At less than 900kg, the aluminium and carbon 4C is a featherweight in a world of bloated contenders. This gives it a giant- slaying power-to-weight ratio of 268bhp per tonne.

It is so light, it will start rolling if you merely lean on it without the parking brake fully engaged.

Its compact dimensions, with wide tracks and a road-hugging stance, make it naturally agile and confident. At the same time, the driver is more intimately connected to the road and his surroundings, for which the car's mechanical rack and pinion steering deserve special mention.

Compared with the prevalent electrically assisted systems, the 4C's steering offers unrivalled communication and connectedness. You actually feel the slightest rut and camber of the bitumen.

It is as deliciously old-fashioned as it is scary. With nothing to mitigate the dynamic forces at play between tyres and tarmac, the driver actually has to focus on inputs and correction.

A fast, tight corner becomes more thrilling, even if the surface is blemish- free. You are aware of the drivetrain, mounted just fore of the rear axle, propelling the rear wheels.

And you are immediately thankful for the car's friendly brakes, electronic differential and responsive paddle shifters.
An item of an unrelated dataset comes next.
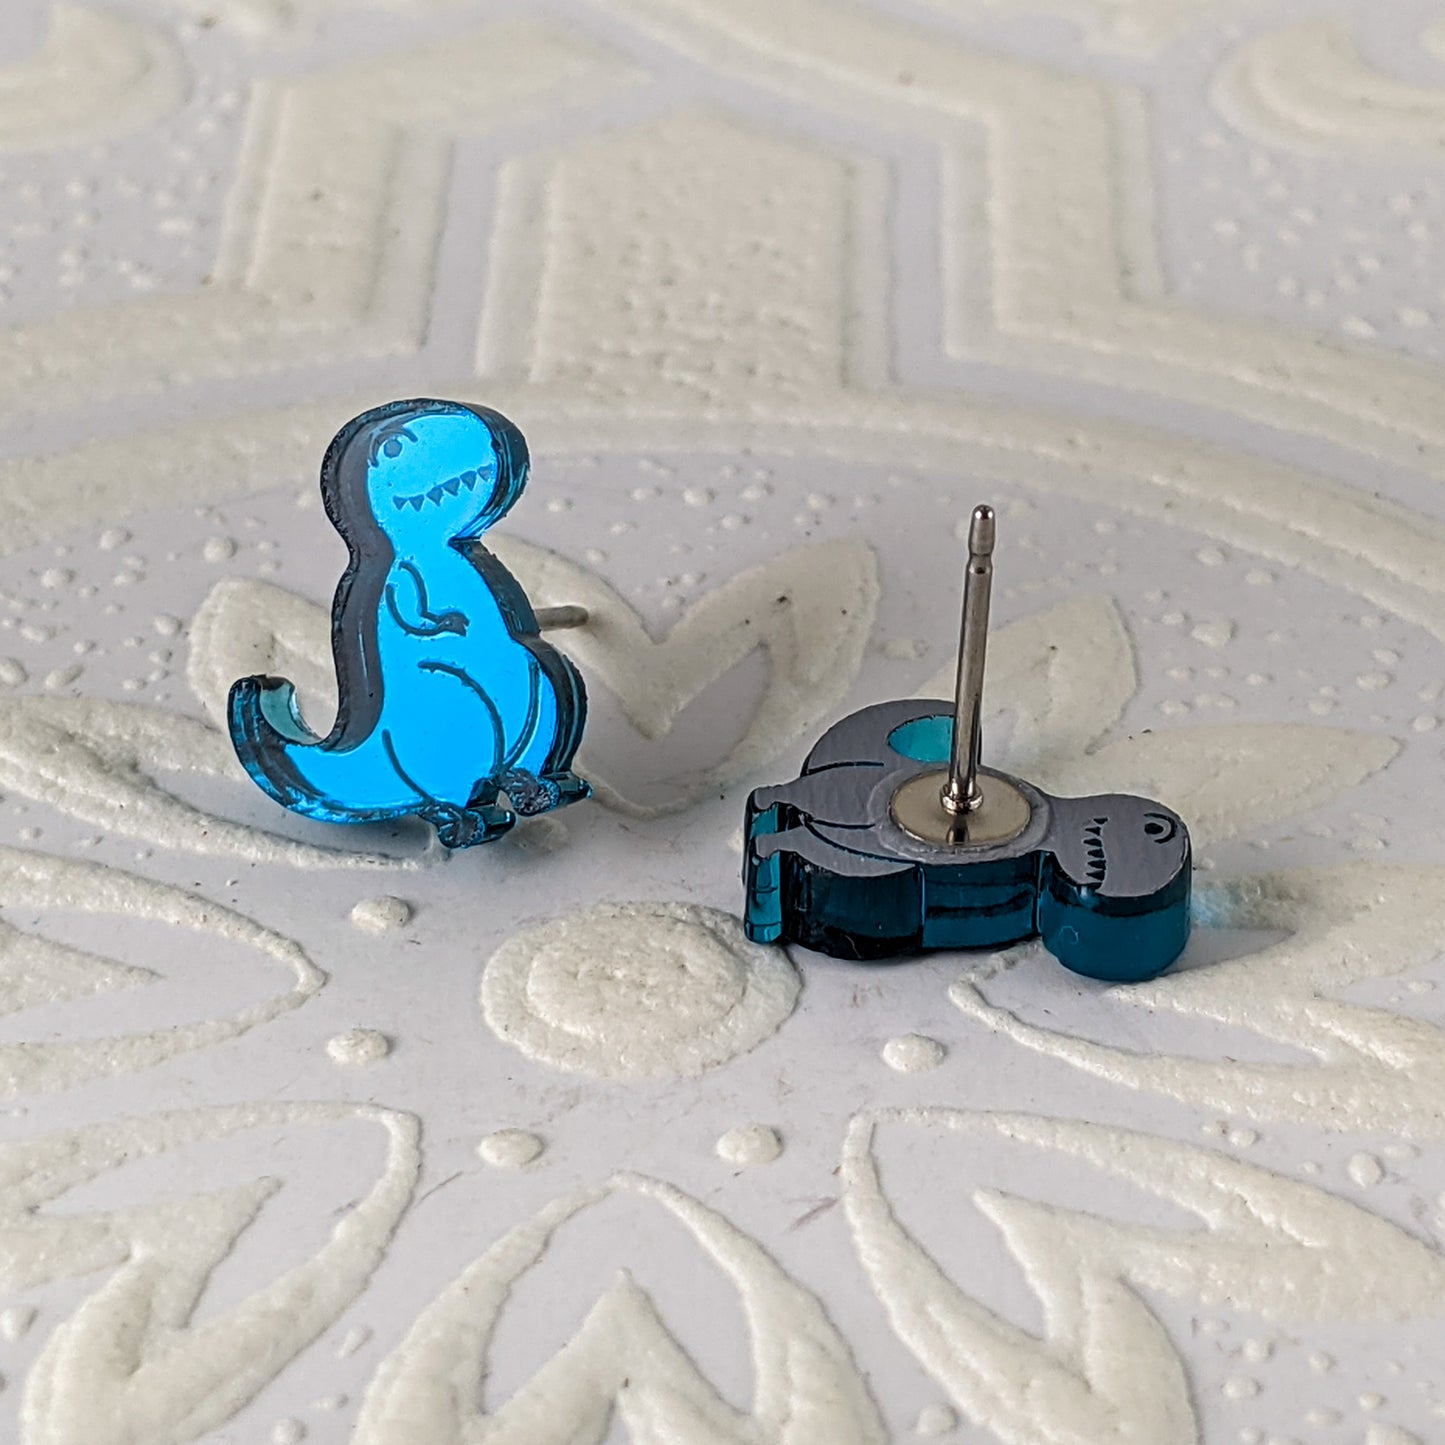 Cartoon Tyrannosaurus Rex stud earrings in teal mirrored acrylic.  One Tres is laying down, showing the stainless steel earring post.  By Isette.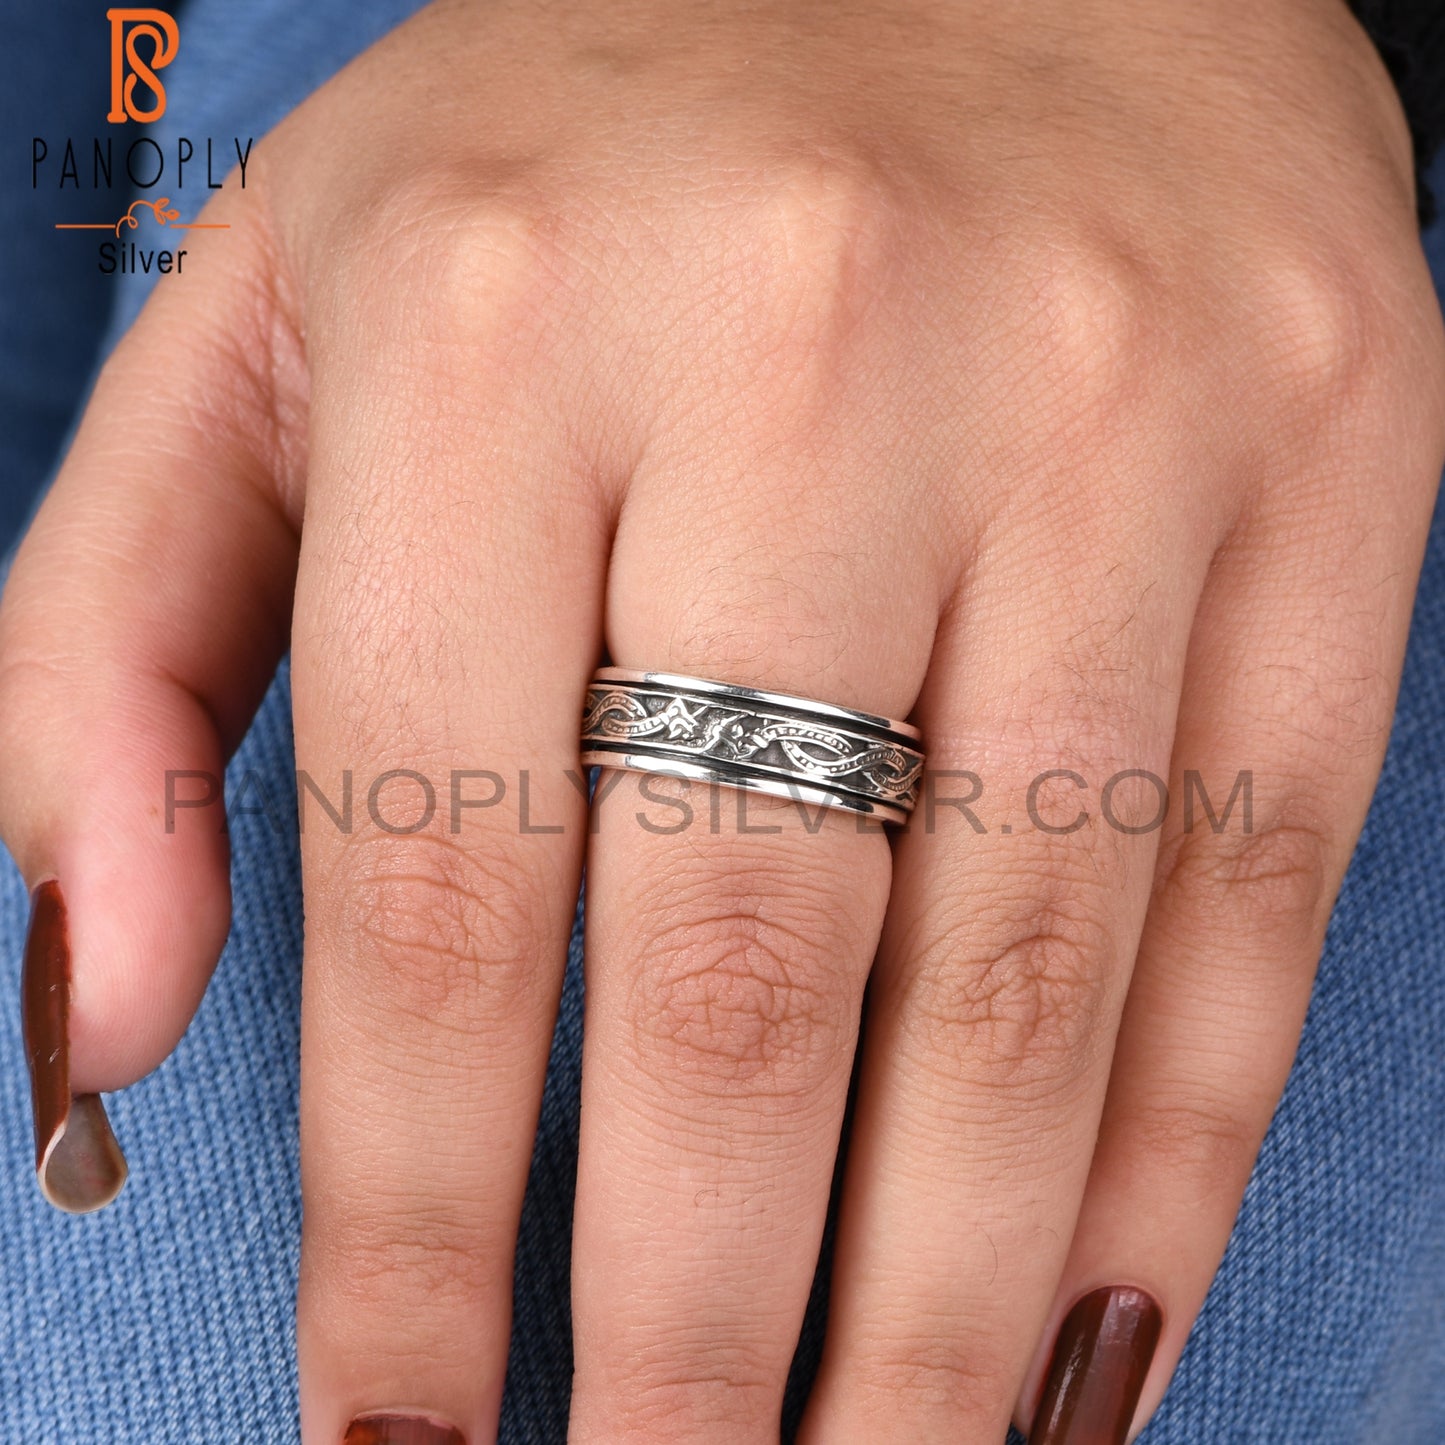 Spinner 925 Sterling Silver Thumb Ring

The 4C drives like no other Alfa, even if its steering reminds you of old models. On the go, it feels like a mix of Lotus Exige, McLaren MP4 and an old, air-cooled Porsche 911.

It serves up excitement in its rawest form, with cold sweat and white knuckles being par for the course. In an age where most cars are over-managed and over- insulated, this Alfa is a breath of fresh air.

But for its price, it is unlikely to attract first-timers to the segment, most of whom will still gravitate towards a similarly priced and more luxuriously finished Porsche Cayman.

Those who already have a sports car in the garage, however, will find this rare gem of a racer somewhat irresistible.